Information needs identified for target visitors:

Website visitors

Information need

School children, teachers and parents

School closures

Commuters and businesses

Road situation and gritting action

Social services and homecare

Service status

Residents

Variety of information specific to their needs

Media

Variety of information

And their planning was not wasted. Just as the perfect storm hit the UK and brought central Scotland to a halt on Monday 6th December 2010, North Lanarkshire Council's website stood strong against an epic onslaught with more than 111,000 visitors looking for information on schools, roads and a range of council services. As the website is hosted by GOSS, immediately scaled bandwidth to cope with demand and, over the next four weeks, www.northlanarkshire.gov.uk received more than 1.1 million visits.

Before the first snow fell, the council had set up its winter services landing page using a gallery template.

North Lanarkshire winter service page

This offered single page access to a full range of information and updated service reports, many of which were supplemented by a Twitter feed (twitter.com/nlcwinter). The Twitter page achieved more than 3500 followers, the 4th largest following for any council, and even inspired its own parody profile as well as developing a cult following among school children looking for the first signs of a day off.

North Lanarkshire winter twitter

The winter schools daily update page attained the largest amount of traffic; receiving more than a million visits and offering real time information on school closures and event cancellations.

The Gritting update also proved an important resource for residents and businesses. The content was refreshed at least twice daily; combining weather reports with the roads service's response. The site also carried GIS maps showing primary and secondary gritting routes and locations of grit bins.

Disruptions to social services and homecare during the freeze were also Tweeted and posted twice daily so that people dependent on help knew exactly what was going on.

All this was not only of use to residents but helped the organisation. The Council's contact centre and schools were able to focus on delivering services to those who need them, rather than on answering more general enquiries. It also helped the Council respond to real information demands by monitoring Google Analytics and changing content accordingly.

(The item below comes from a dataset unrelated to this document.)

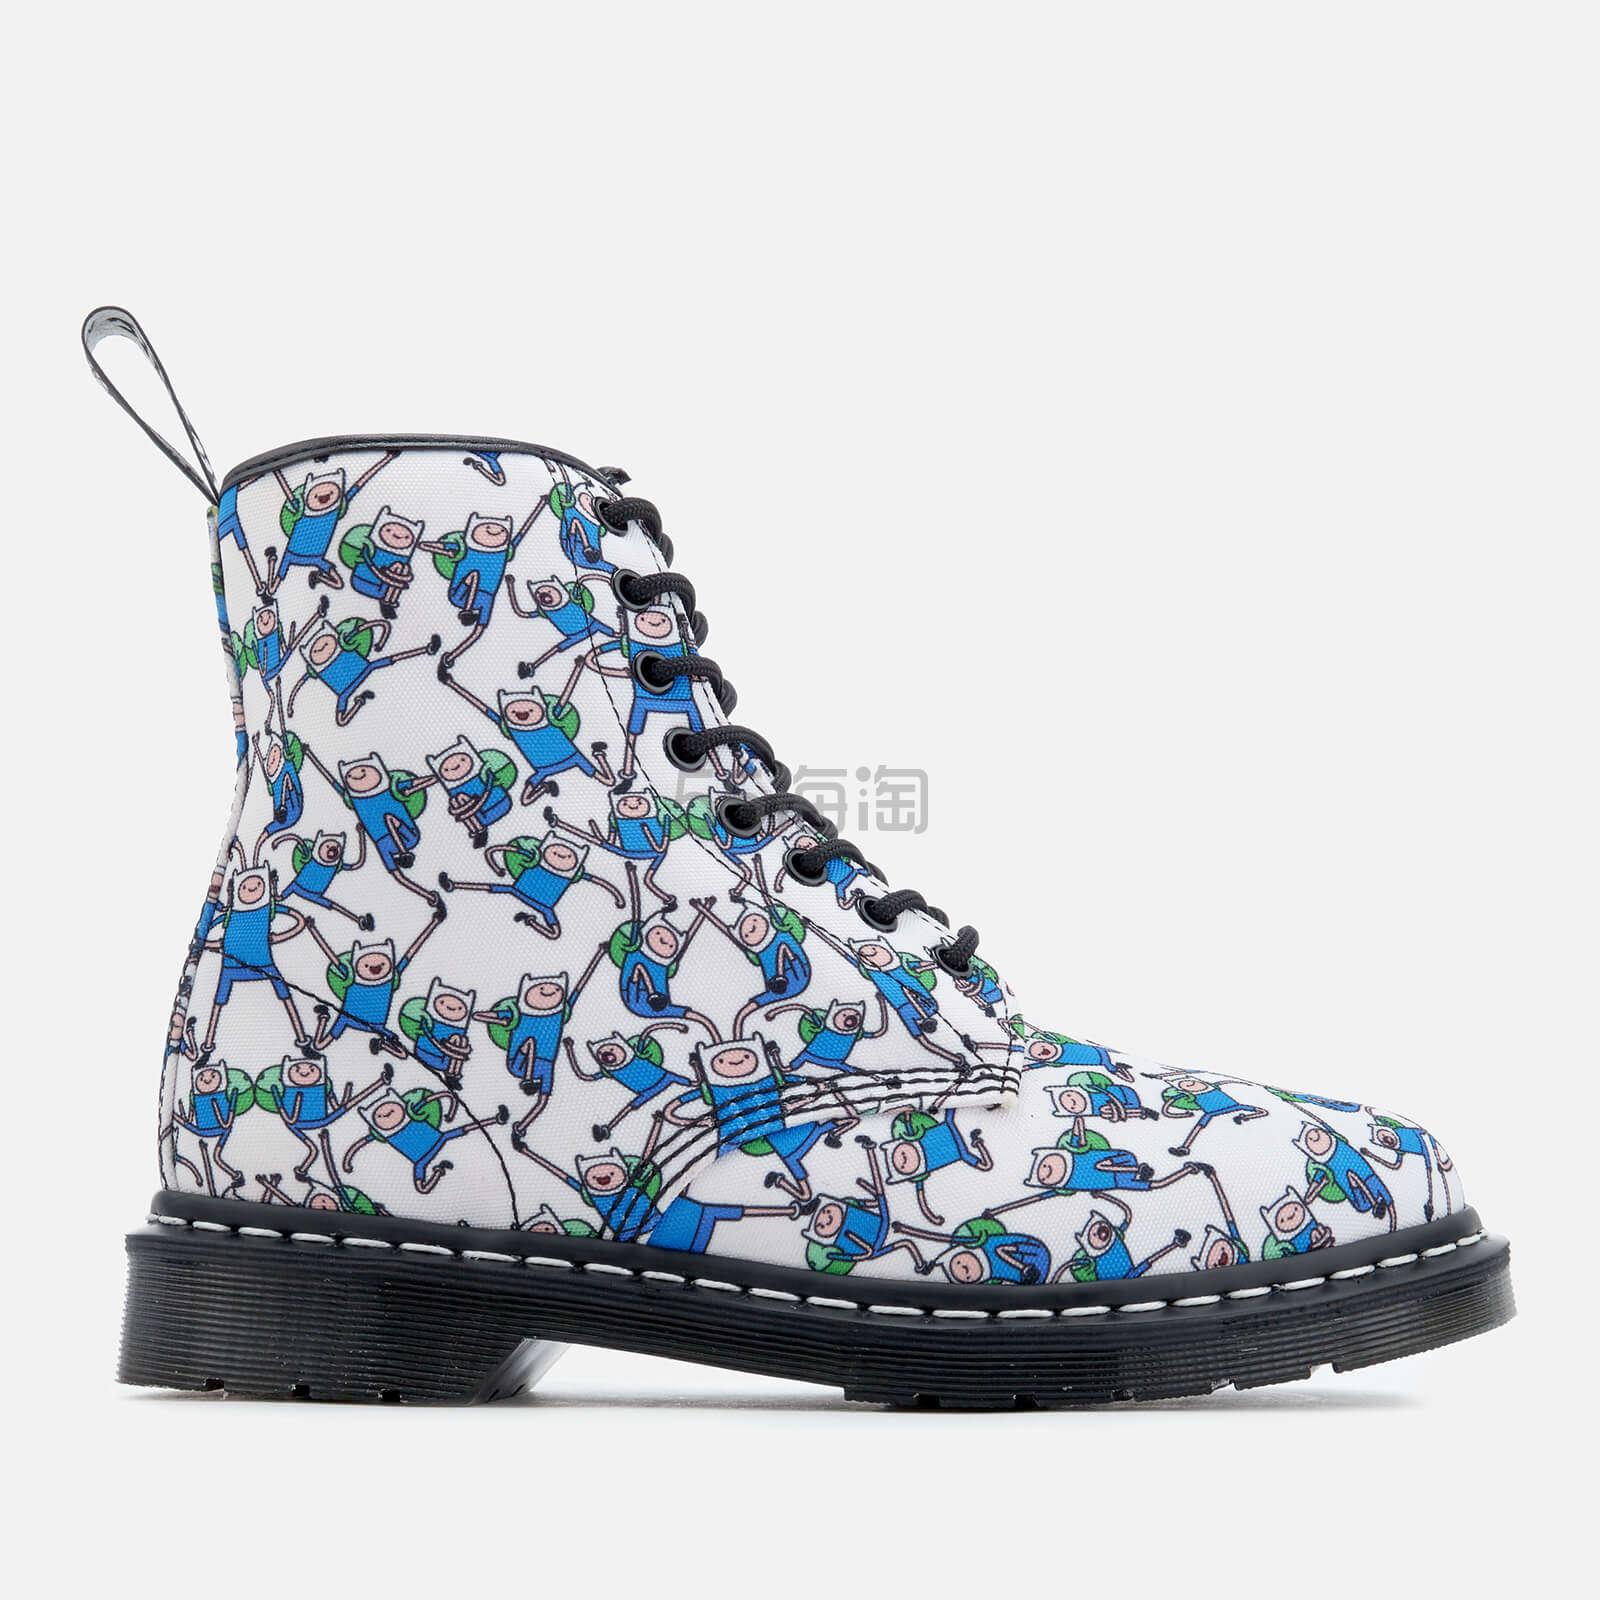 【大码福利】Dr. Martens Castel Canvas Finn 女士马丁靴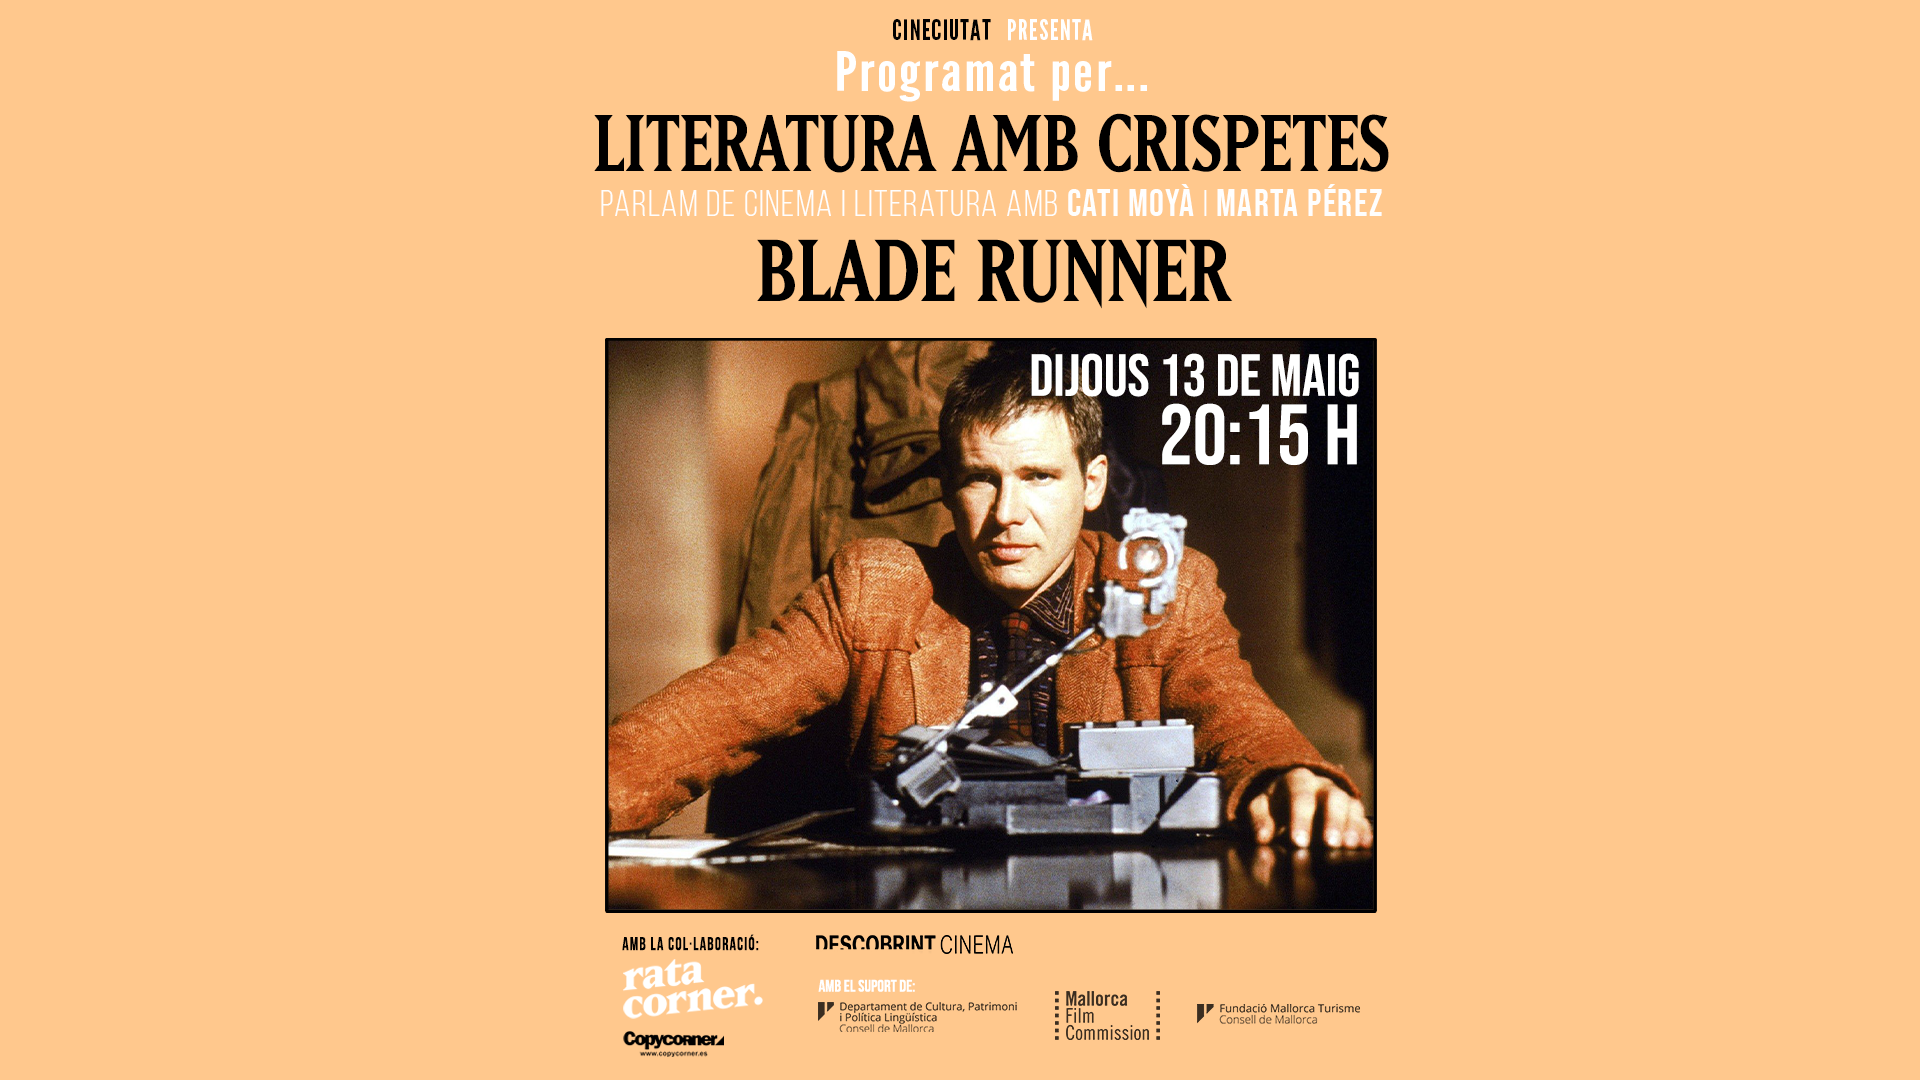 ProgramatPer_LiteraturaCrispetes_Screen_BladeRunner.png

The North Lanarkshire website was reviewed independently in the SOCITM Better Connected 2011 report. The winter service provision provided by the North Lanarkshire was in the top 6% of UK local authorities and sighted as an example of best practice. The website reviewer even commented that the winter service page was "brilliant".

Sue Roberts, Website Development Project Owner, North Lanarkshire Council is delighted with the site's performance.

"The website was the hub of all our winter communications. It supported our residents, fed information to other media and created space for our other communications channels to concentrate on delivering services. We were able to handle, effectively, one million additional information requests through the website.

"We've had this site for a year and a half now and are still delighted that GOSS iCM offers us scope for continuous development and improvement."

Roberts was also pleased with North Lanarkshire Council's use of Twitter.

"The Twitter feed definitely added value to our communications; offering another fast delivery channel during emergency weather conditions."

Rob McCarthy, CEO, GOSS adds;

"North Lanarkshire are making good use of their website by ensuring information is provided in a simple and clear way, so that local people can find the information they want rather than having to use the contact centres. This creates a huge efficiency saving as it is up to 85% cheaper to service an information request online rather than over the phone."